DA CIUDAD BOLIVAR PER DIVENTARE CAMPIONE

di Andrea Bartoli

Ha una di quelle facce che sprigionano simpatia, il colombiano Carlos Alberto Betancur. A dirla tutta non pare neppure abbia da poco conquistato, dominandola, una delle classiche del ciclismo professionistico più antiche, quel Giro dell’Emilia arrivato quest’anno alla sua 94a edizione. Cosi apparentemente rilassato da dire: «Una corsa abbastanza dura, ma non troppo».
Ma non é sfrontatezza, la sua, quella che potrebbe avere un quasi ventiduenne (li compirà il 13 ottobre), ma consapevolezza dei propri mezzi: «È da un mese che mi sento molto bene ed all’inizio di settembre, assieme al mio team Acqua & Sapone, si é deciso di puntare sul sottoscritto per il finale di stagione, Giro di Lombardia compreso». E sulle durissime rampe che portano a San Luca, i frutti di quella scelta si sono visti tutti: «Quando a undici chilometri dall’arrivo é scattato lo svizzero Zaugg della Leopard, l’ho seguito senza indugi. Ho capito che poteva essere l’azione giusta e soprattutto le gambe rispondevano. Poi, lui ha iniziato l’ultima ascesa molto forte, ho aspettato che calasse un po’ il ritmo e quando, affiancandolo, ho colto dal suo sguardo la stanchezza, ho attaccato deciso».

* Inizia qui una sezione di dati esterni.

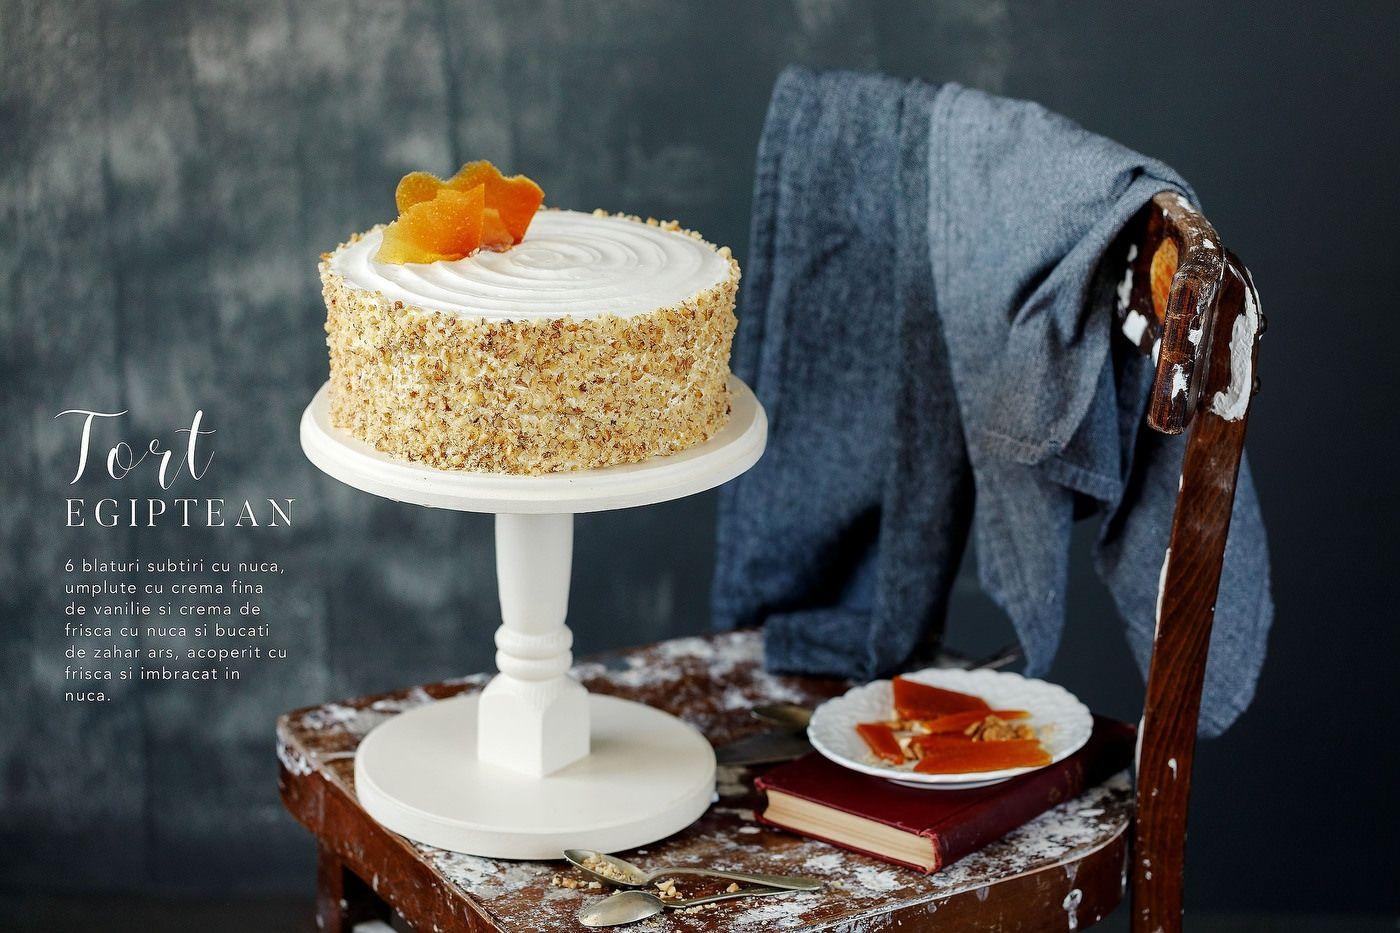 Tort egiptean cu styling fotografie de produs

Bel tipo Betancur, alla prima vittoria da professionista ha messo in cascina una delle corse più belle del calendario italiano. Non una meteora, si capisce, perchè nel 2010, da dilettante, ha vinto il Giro d’Italia Bio e il Giro di Colombia Under 23, dopo l’argento nel mondiale 2009 a Mendrisio. Un ragazzo molto attaccato alla famiglia, con papà Ignacio contadino nelle piantagioni di caffè, mamma Piedad casalinga ed i fratelli Andres, Paola, Cristina e Javier. Devoto, pure, tanto da sfoggiare sotto la maglietta un crocefisso e ringraziare più volte il Signore sotto la fettuccia d’arrivo. Un salto dai 1800 metri di Ciudad Bolivar fino a Santa Maria Monte, nel pisano, coccolato dal suo direttore sportivo sia di club sia nella Nazionale colombiana Franco Gini. Un amore, quello per la bicicletta, sbocciato a quattordici anni quando una professoressa della scuola, a furia di vederlo arrivare in sella alla due ruote, lo portò direttamente preso il team più forte della città. E adesso il colombiano dell’Acqua & Sapone pensa a chiudere bene il 2011, magari con un bel colpo al Lombardia, e guarda già con interesse il Giro d’Italia 2012: «Quest’anno ho preso le misure alla corsa rosa con il quarto posto nella tappa del Sestriere, ma per la prossima stagione mi piacerebbe curare una buona classifica». Sempre con il sorriso sulle labbra e con una simpatia innata: se al Giro dell’Emilia è nata una stella è presto per dirlo, ma Carlos Alberto Betancourt sulle rampe di San Luca ha recitato da grande campione.